El más grande (¡Hala Madrid!)

El fútbol es la infancia que perdimos. Por eso es más grande que la vida, porque es la única vida en plenitud que hemos conocido, la única perfecta, completa. El fútbol es la memoria de aquel paraíso donde sólo importaba el balón, el juego en el que alguna vez fuimos ángeles, aquel pase, aquel remate de cabeza, la gloria de una finta. Me desplomé el pasado miércoles cuando un joven croata nos dejaba otra vez sin Copa de Europa, nuestra copa. Hacía muchos años que no sentía un dolor casi físico, tan limpio y tan intenso, tan infantil, tan puro. No era el dolor adulto, inaplacable, que el deambular de los años nos ha ido infligiendo con la muerte de los que amábamos o la conciencia de nuestro acabamiento, ese dolor que se extiende y te acompaña para siempre y al que llamamos congoja.

Era aquel dolor de niño, un dolor definido, del aprendizaje del azar y la mala suerte, el dolor que marea durante días con la imagen de ese gol de Higuaín que pudo ser y no fue, y que lo habría cambiado todo. De niño vives y aprendes ese dolor intransitivo entonces, pero cuya superación es lo único que te permitirá resistir cuando ya la vida no sea otra cosa que la supervivencia y el recuerdo. El fútbol es más grande que la vida, porque con él aprendemos a soportarla.

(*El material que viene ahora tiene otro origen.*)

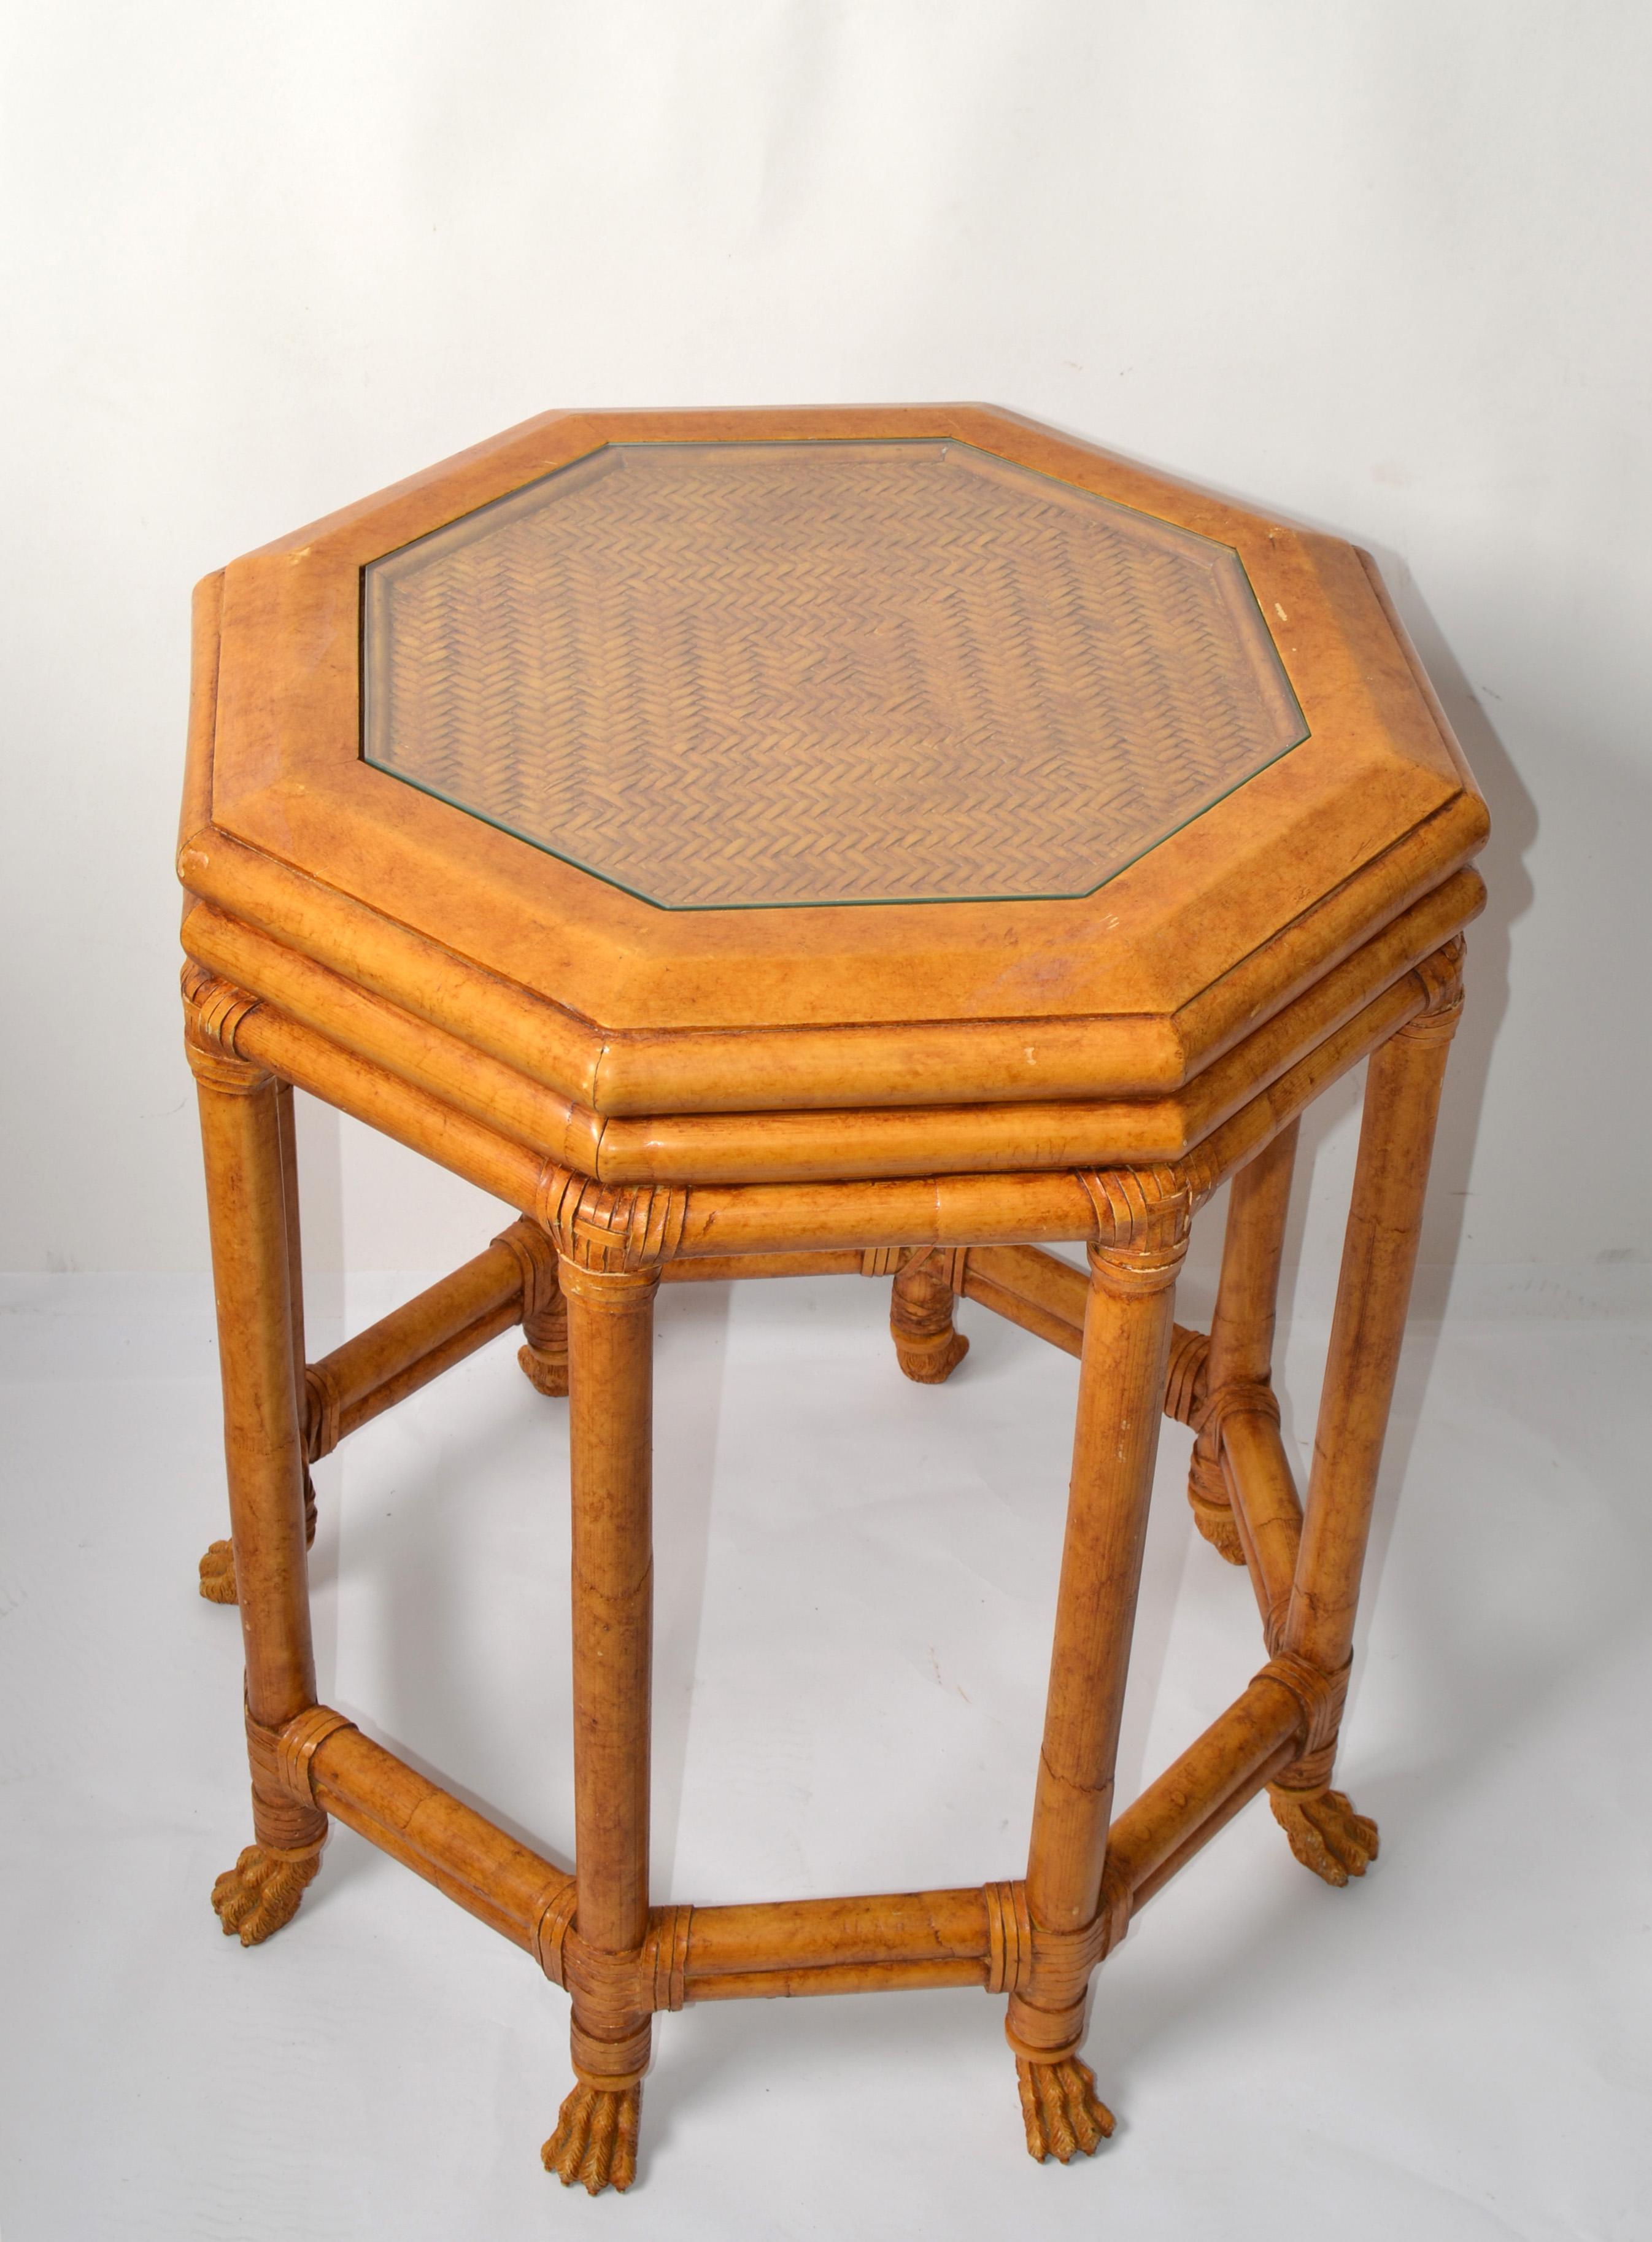 Hand-Carved McGuire Style Octagonal Bamboo Burl Veneer Leather Bindings Glass Accent Table  For Sale

Y si alguien nos ha enseñado a caer y levantarnos, a luchar siempre, a embestirle a la existencia como una carga de búfalos furiosos, es el Madrid. Somos del Madrid porque no nos sale de los cojones rendirnos y porque cuando el Madrid juega nunca se sabe el final. No hay ningún equipo en el mundo que emocione como lo hace el Madrid, que ataque, cerque, barra o se hunda con la intensidad, la magia, la generosidad y el ahínco con que lo hace el Madrid. Por eso es el más grande, porque jugará más o menos lindo, pero siempre al límite, siempre con grandeza, en la victoria y en la derrota. Si hay un equipo que encarne la épica, el riesgo, la aventura, lo inesperado, lo genial, es el Madrid. El Madrid sí que es mucho más que un club, porque es un mito, y esa categoría sólo se adquiere jugando de una manera que representa no un modo de jugar, sino de vivir, de plantarse ante el mundo. Como un torero grande paseando muy lento sus ingles ante el toro.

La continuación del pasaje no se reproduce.